> **Aim of the exercise**: In the records below, find the line containing "Korean Fried Chicken" and the line containing "Native American Indian"; please repeat exactly the lines from one to the other, both included, and nothing more.

> **Material to process**:
□ □ □ □

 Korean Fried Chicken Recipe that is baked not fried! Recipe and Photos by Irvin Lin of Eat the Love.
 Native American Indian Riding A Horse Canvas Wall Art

□ □ □ □

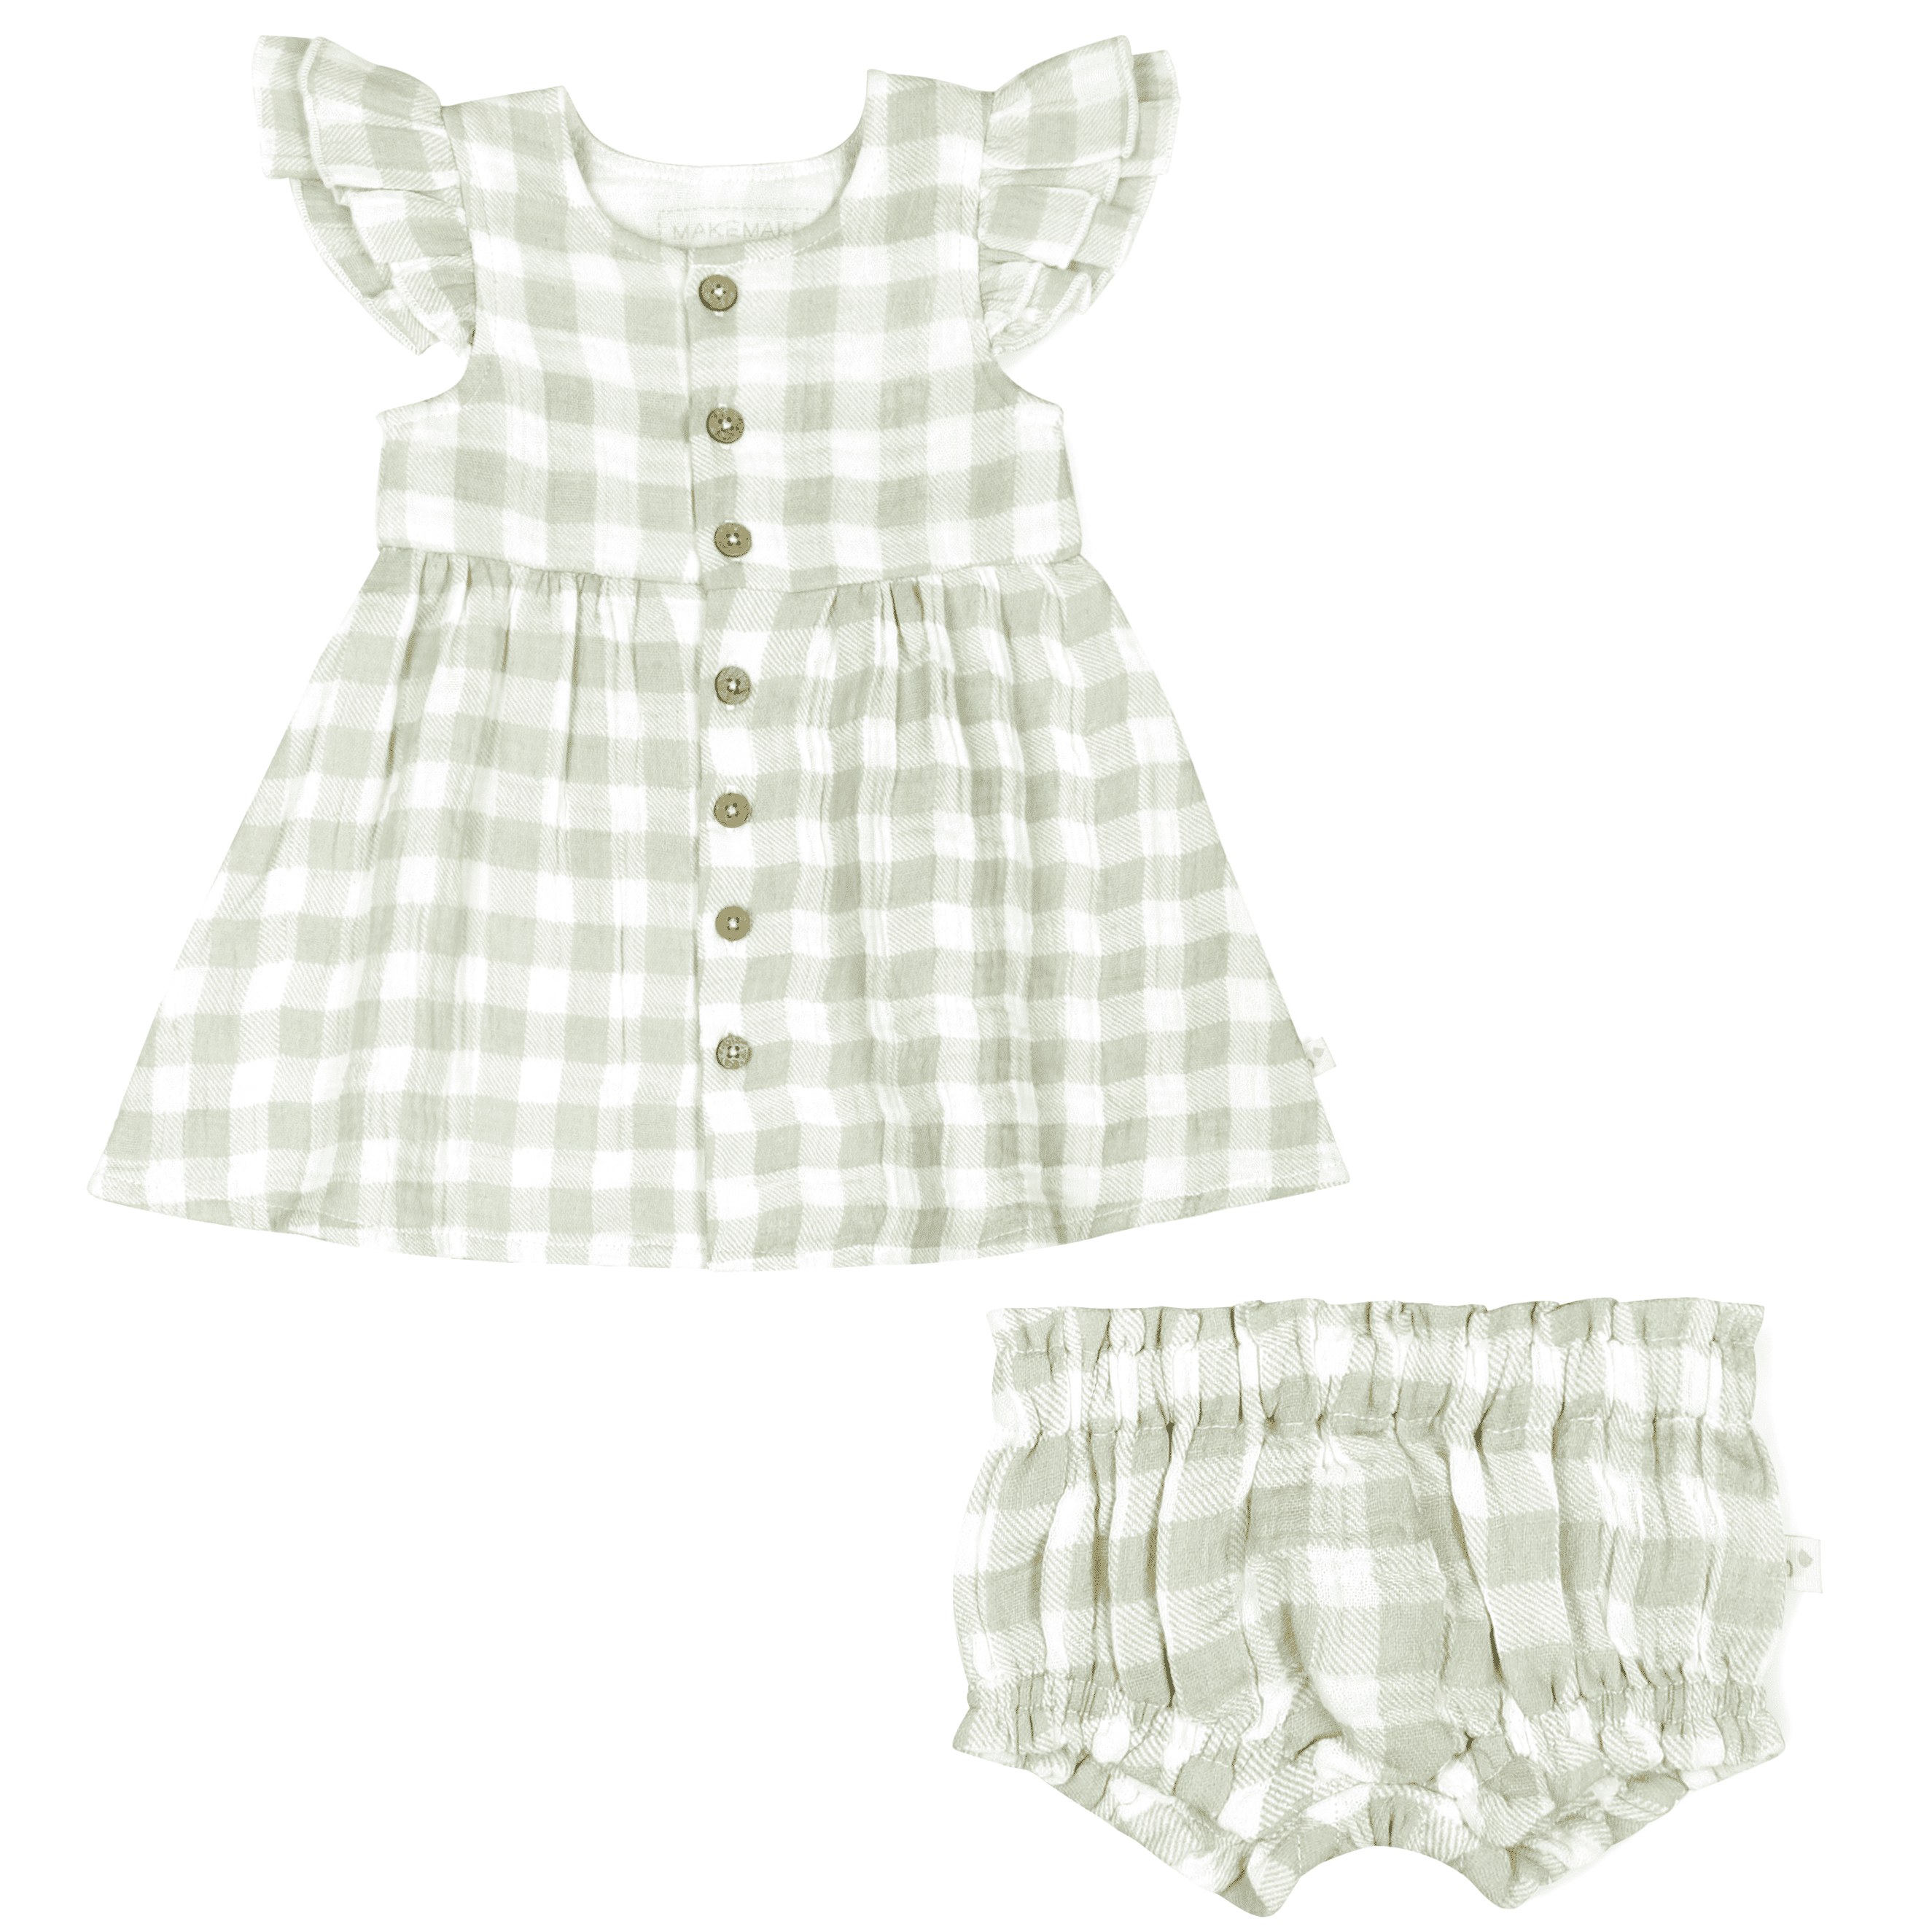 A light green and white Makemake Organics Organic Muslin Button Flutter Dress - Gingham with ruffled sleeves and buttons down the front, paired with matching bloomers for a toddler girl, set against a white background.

□ □ □ □

> **Task response**:
 Korean Fried Chicken Recipe that is baked not fried! Recipe and Photos by Irvin Lin of Eat the Love.
 Native American Indian Riding A Horse Canvas Wall Art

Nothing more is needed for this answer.